Following Bryant’s 1859 report, others appeared in the major periodicals of the day. In 1871, Mr. S. C. Clarke reported in American Naturalist, “A party of hunters visited (Pelican Island) this year in March, and found it covered with eggs and young birds, which were being fed by the old ones with fish. Some of these were shot, and most of the others driven away, when suddenly the island was invaded by multitudes of the Fish Crow…which began to devour both the eggs and the callow young…. The hunters then turned their guns upon the crows and slaughtered them in heaps, before they would abandon their prey.”
Dr. James Henshall, a physician who took patients to Florida for its climate and the recuperative powers of outdoor recreation, published Camping and Cruising in Florida in 1884. Under Pelican Island -- Slaughter of the Innocents he wrote, “As we passed we saw a party of northern tourists at the island, shooting down the harmless birds by the scores through mere wantonness. As volley after volley came booming over the water, we felt quite disgusted at the useless slaughter, and bore away as soon as possible and entered the narrows.”
Scientists and naturalists regularly visited the island for specimens, usually attempting to take a “series” of plumages (meaning 18 or more pelicans for each collector), and “sets” of eggs. One oologist (bird-egg specialist) admitted taking 125 sets after halting, and discarding, his guide’s collection made by filling pails indiscriminately with eggs, without reference to sets.

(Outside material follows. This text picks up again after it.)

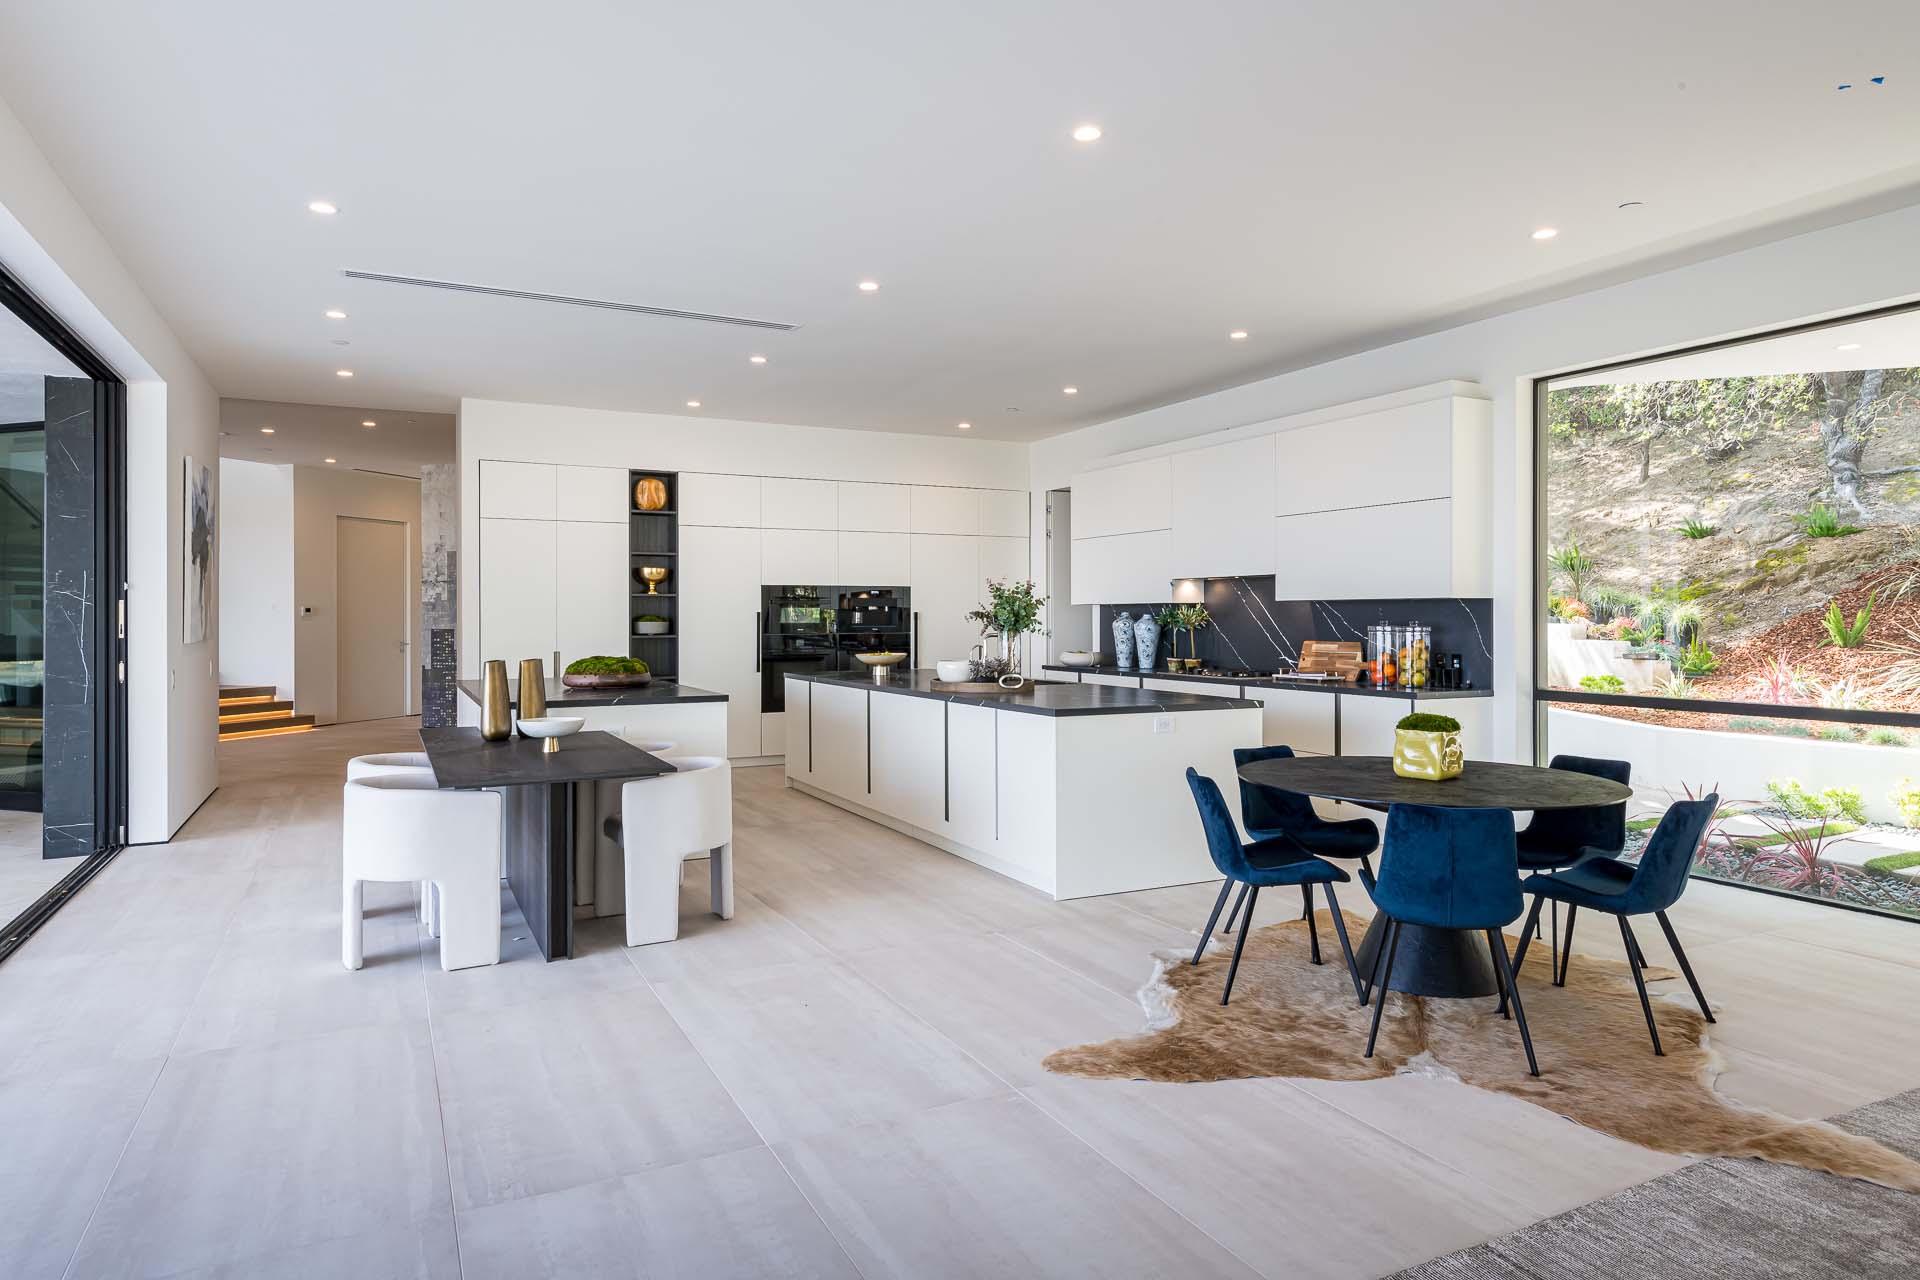 Cucina Moderna_Lounge_cucina laccata

More published reports exist, while the unrecorded attrition caused by passengers and crews of the regular steamboats obviously diminished the birds even more. Whistles were often blown as the steamboats entered or exited the narrows and the alarmed birds immediately took to the air, circling outward from the island. That placed them within gun range, when tourists and crew blasted away merely for the “fun of killing.”
Mrs. F.E.B. Latham and Frank Chapman, Both Helped Save Pelican Island
History is often a story of people. Pelican Island’s protection came from people with far thinking recognition of this special place and its important wildlife values, and their bold commitment to conserving those values in perpetuity. When Frank Chapman visited Pelican Island in 1898 the thousands of herons, egrets, roseate spoonbills, man-o-war birds, and white ibises were gone, and the pelicans severely reduced. Chapman’s studies and keen interest in the island and the pelicans prevented their extirpation on that tiny, but obviously significant, native bird habitat.

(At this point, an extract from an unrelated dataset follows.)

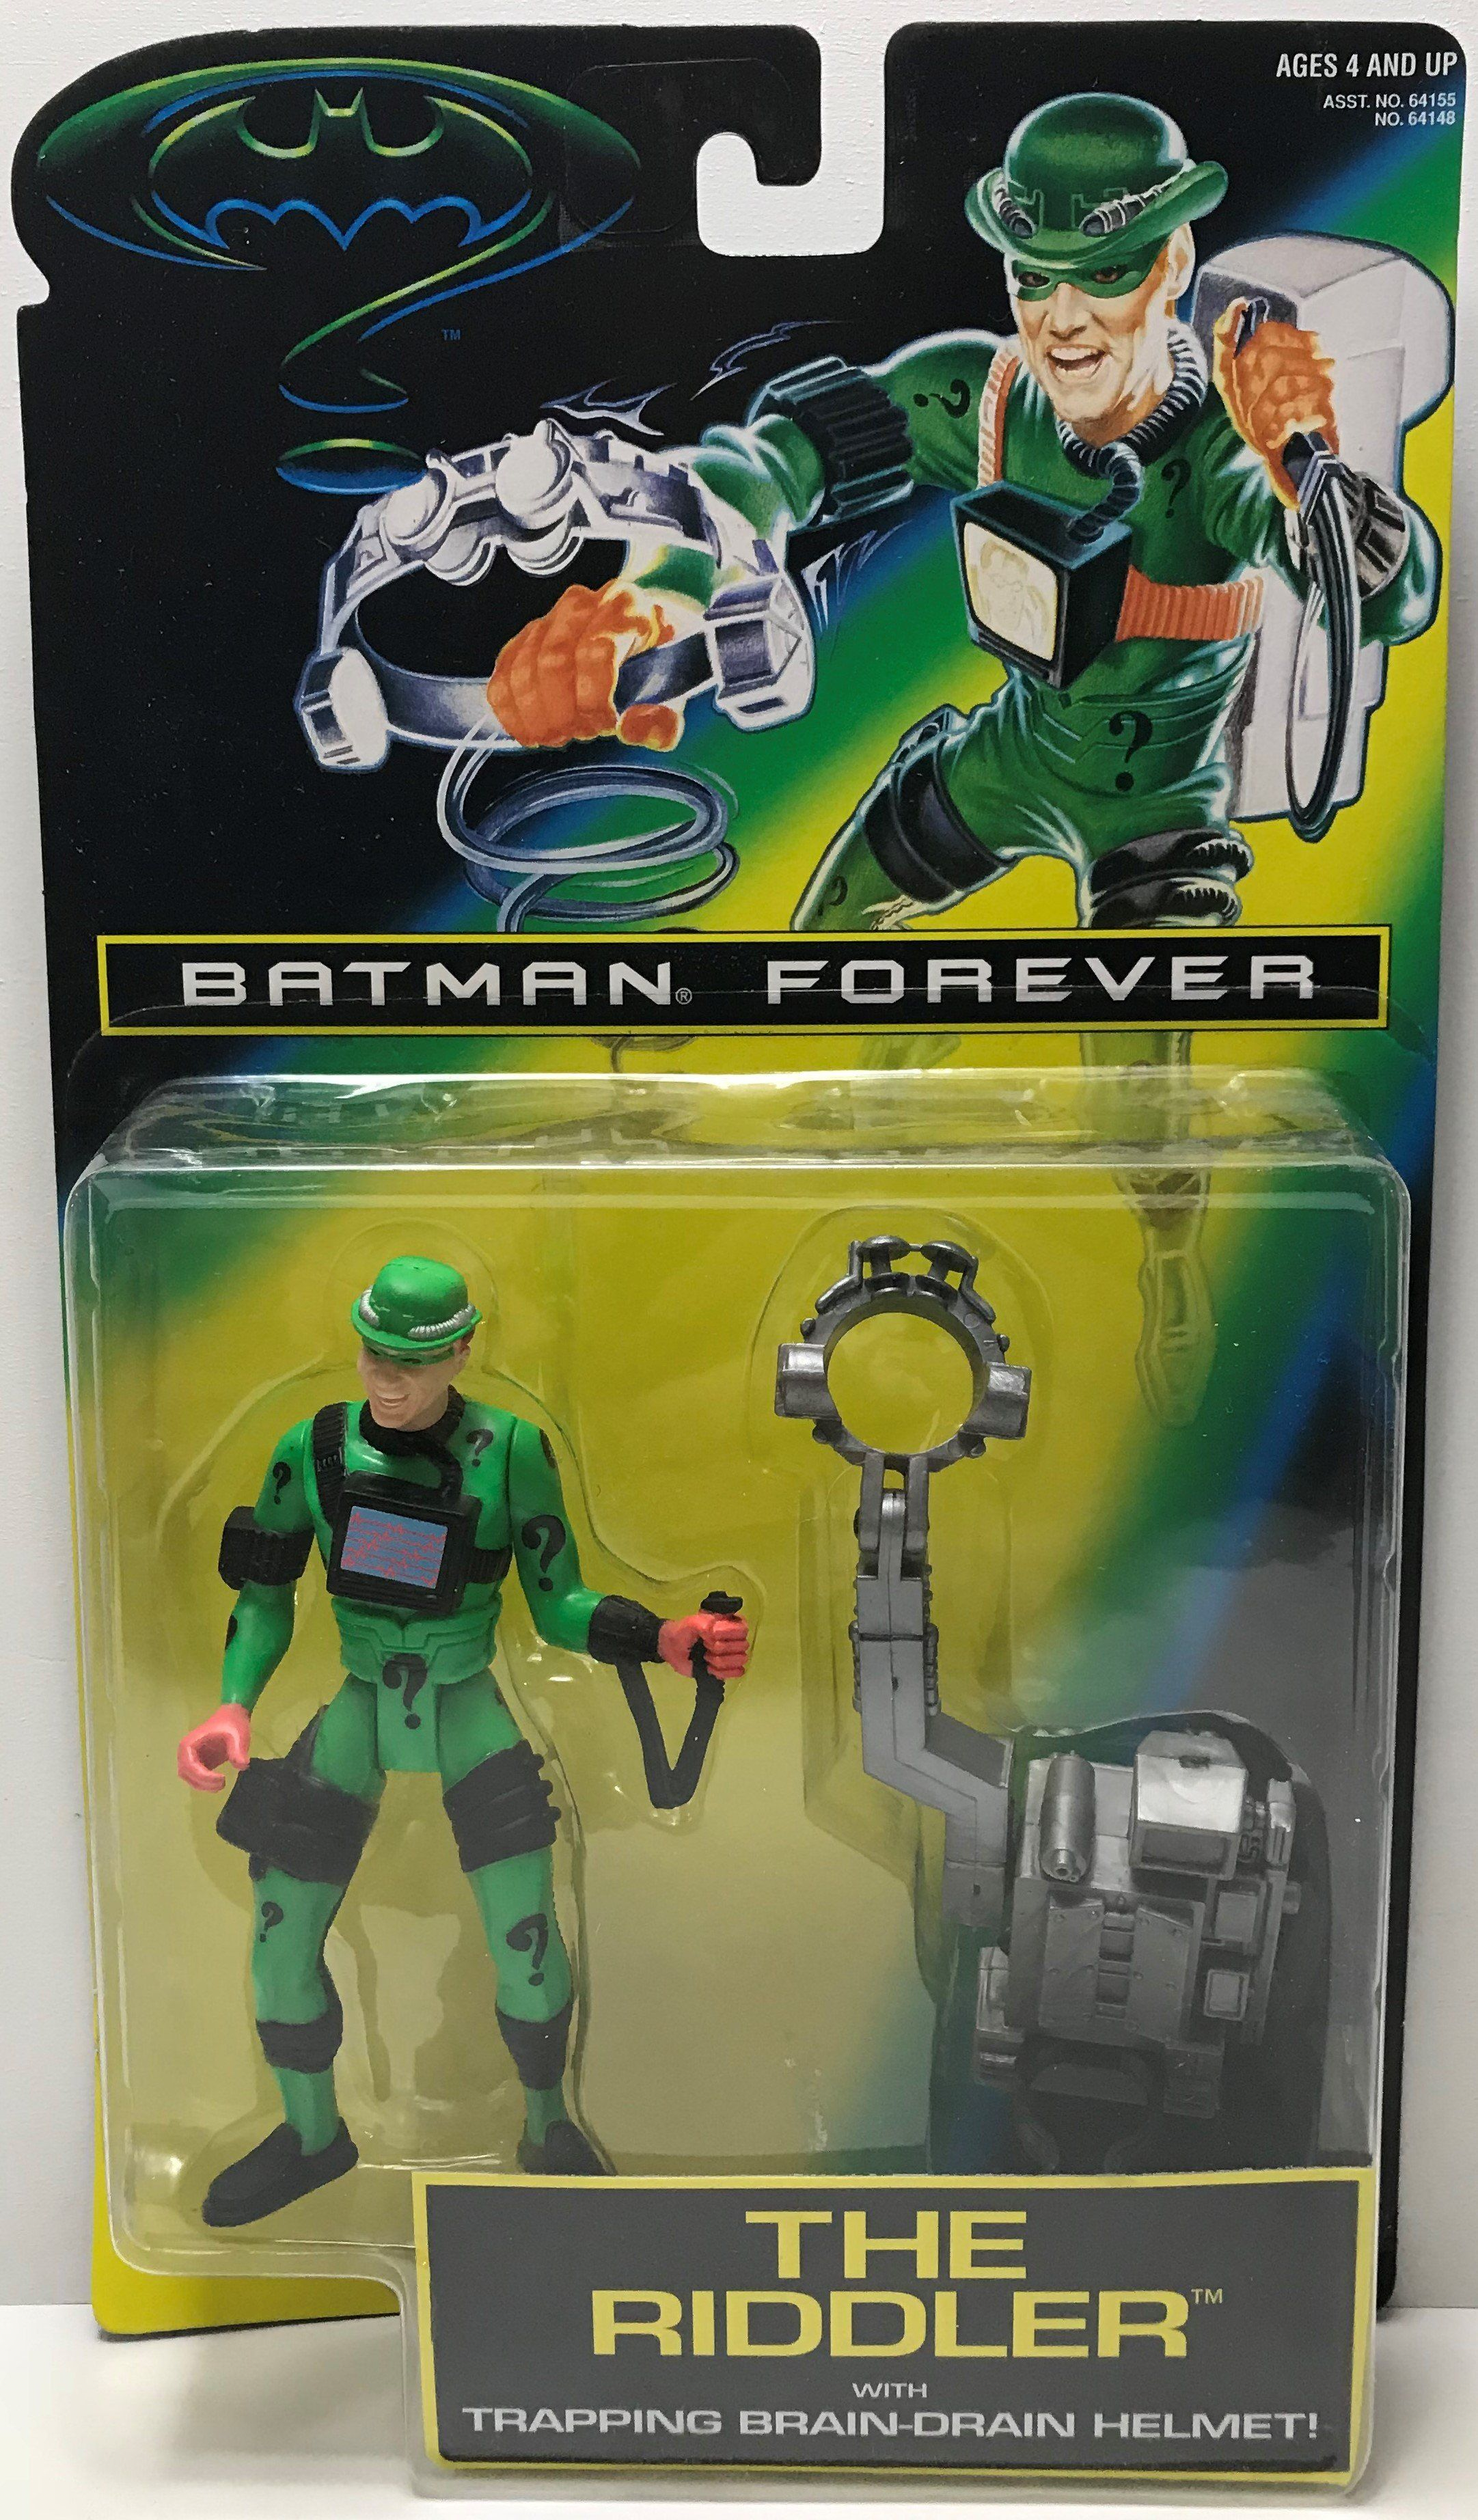 Brand New! Kenner Batman Forever The Riddler with Helmet action figure

Mrs. F.E.B. “Ma” Latham, who with her husband Charles ran Oak Lodge, a boarding house about nine miles up the Indian River from Pelican Island, helped influence events contributing to its reservation and later incidents. Oak Lodge was first built about 1881 and rapidly became a magnet for scientists, naturalists, museum curators and artists wanting to observe and document the natural history conditions in Florida before dramatic changes occurred. Notable guests included William Beebe, William Hornaday, Louis Aggasiz Fuertes, Frank Chapman, Outram Bangs, Herbert Job, Arthur Bent, and George Shiras III, among others.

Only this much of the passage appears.